[Opening Records for processing section]

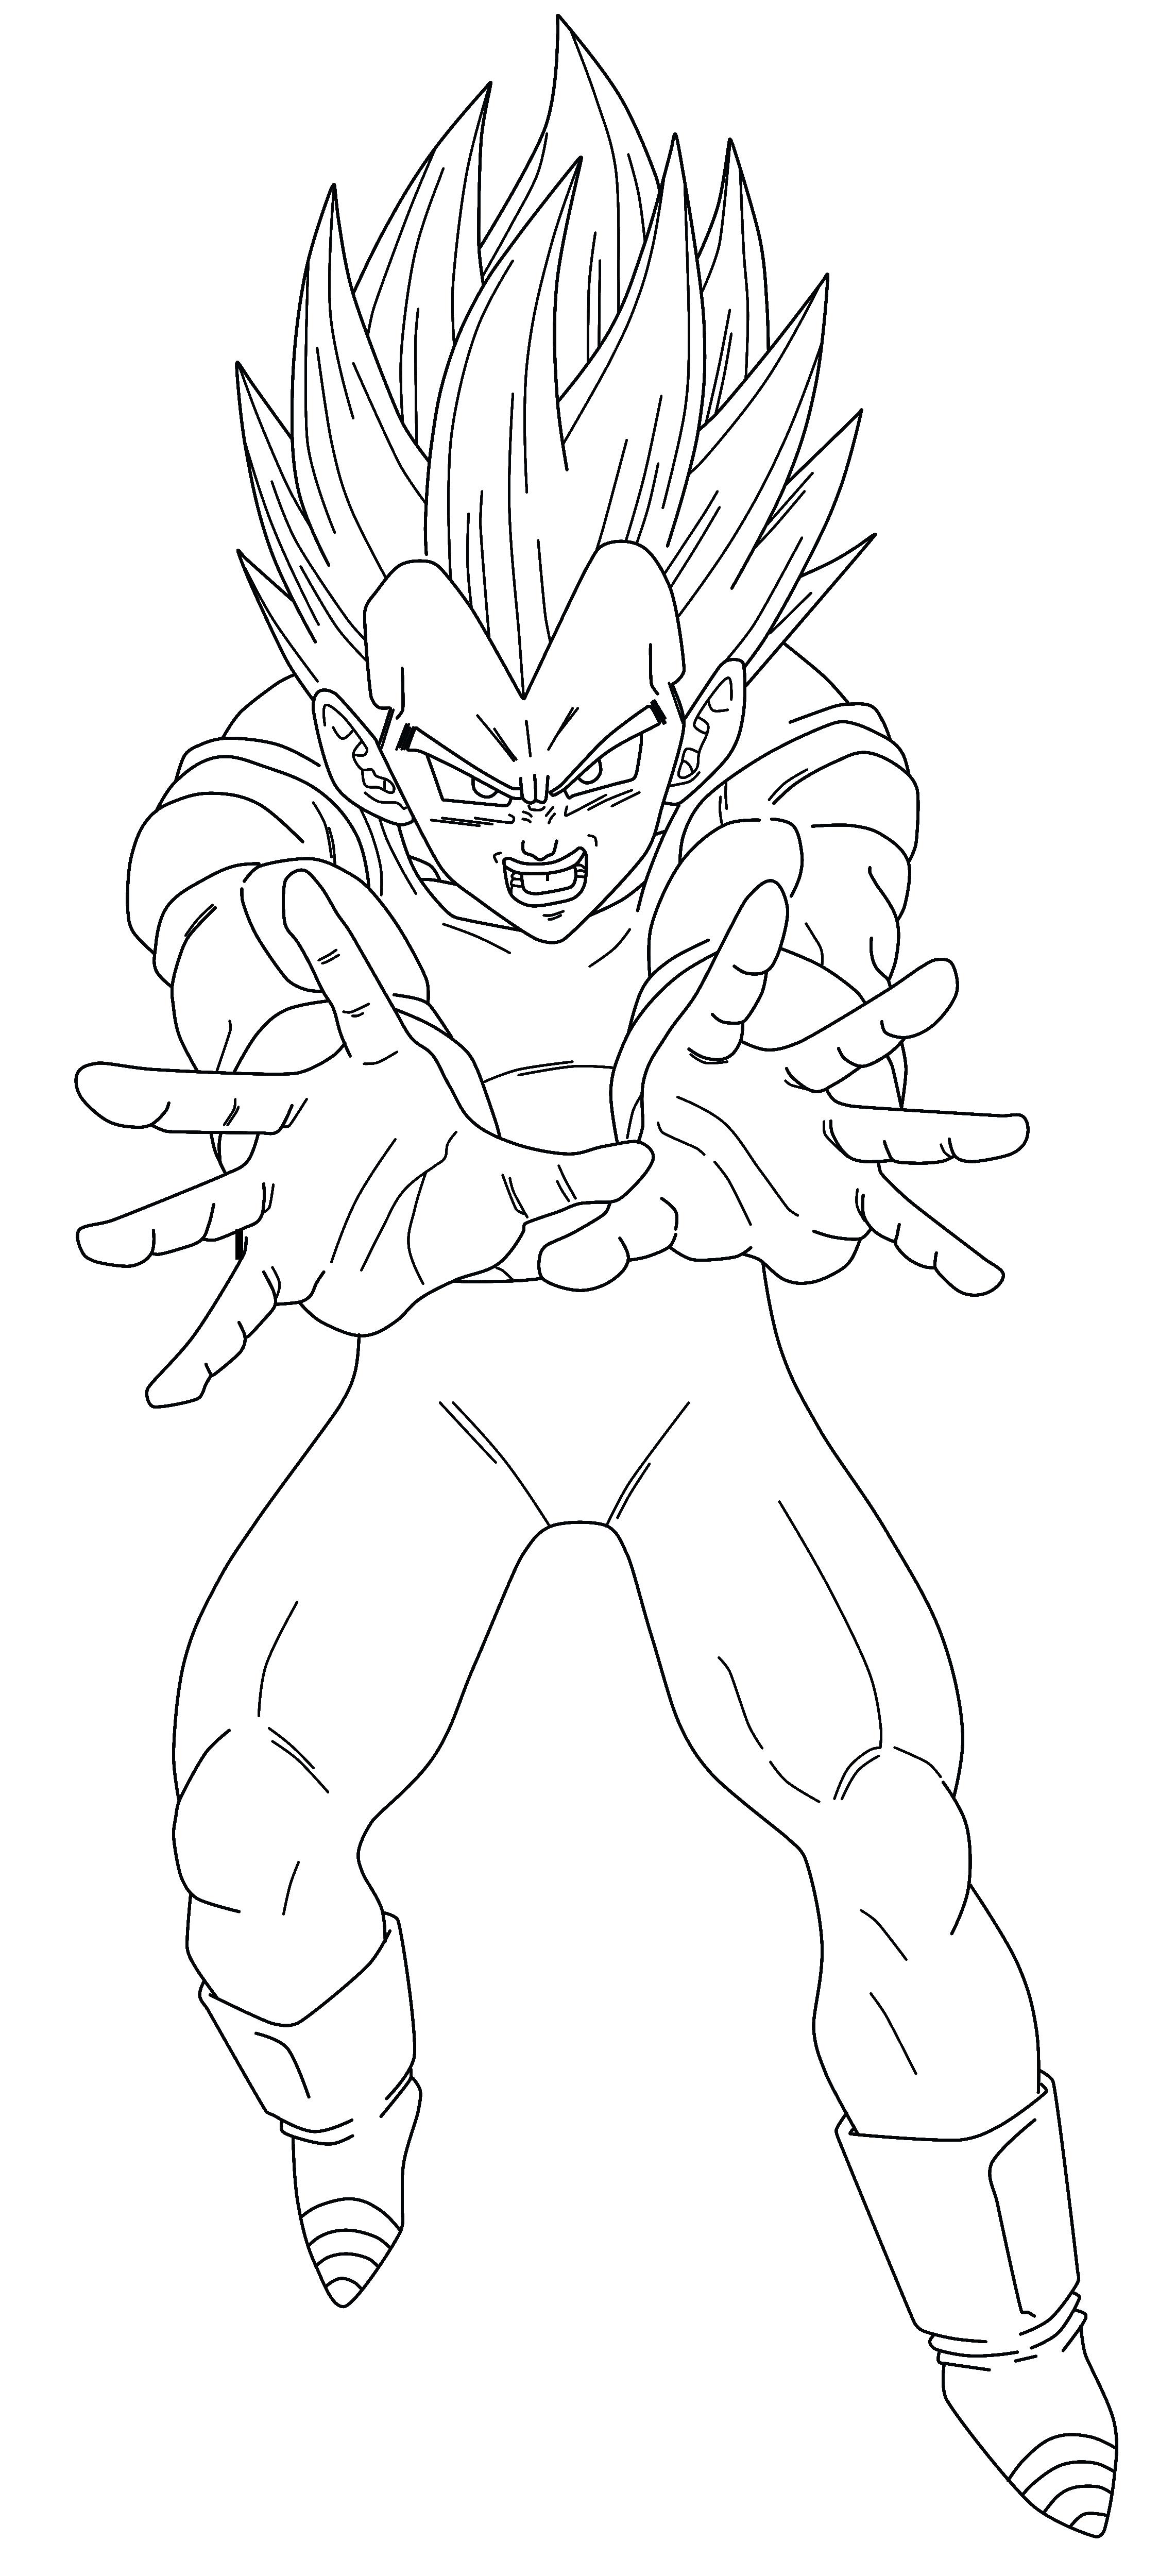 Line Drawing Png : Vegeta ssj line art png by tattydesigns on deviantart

[Closing Records for processing section]
[Opening Records for processing section]

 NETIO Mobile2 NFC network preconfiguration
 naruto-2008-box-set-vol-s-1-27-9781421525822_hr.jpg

[Closing Records for processing section]

What the task asks: Look back at the entries above. Retype the line with "NETIO Mobile2 NFC network preconfiguration", the line with "naruto-2008-box-set-vol-s-1-27-9781421525822_hr.jpg", and all lines in between.

Final answer:
 NETIO Mobile2 NFC network preconfiguration
 naruto-2008-box-set-vol-s-1-27-9781421525822_hr.jpg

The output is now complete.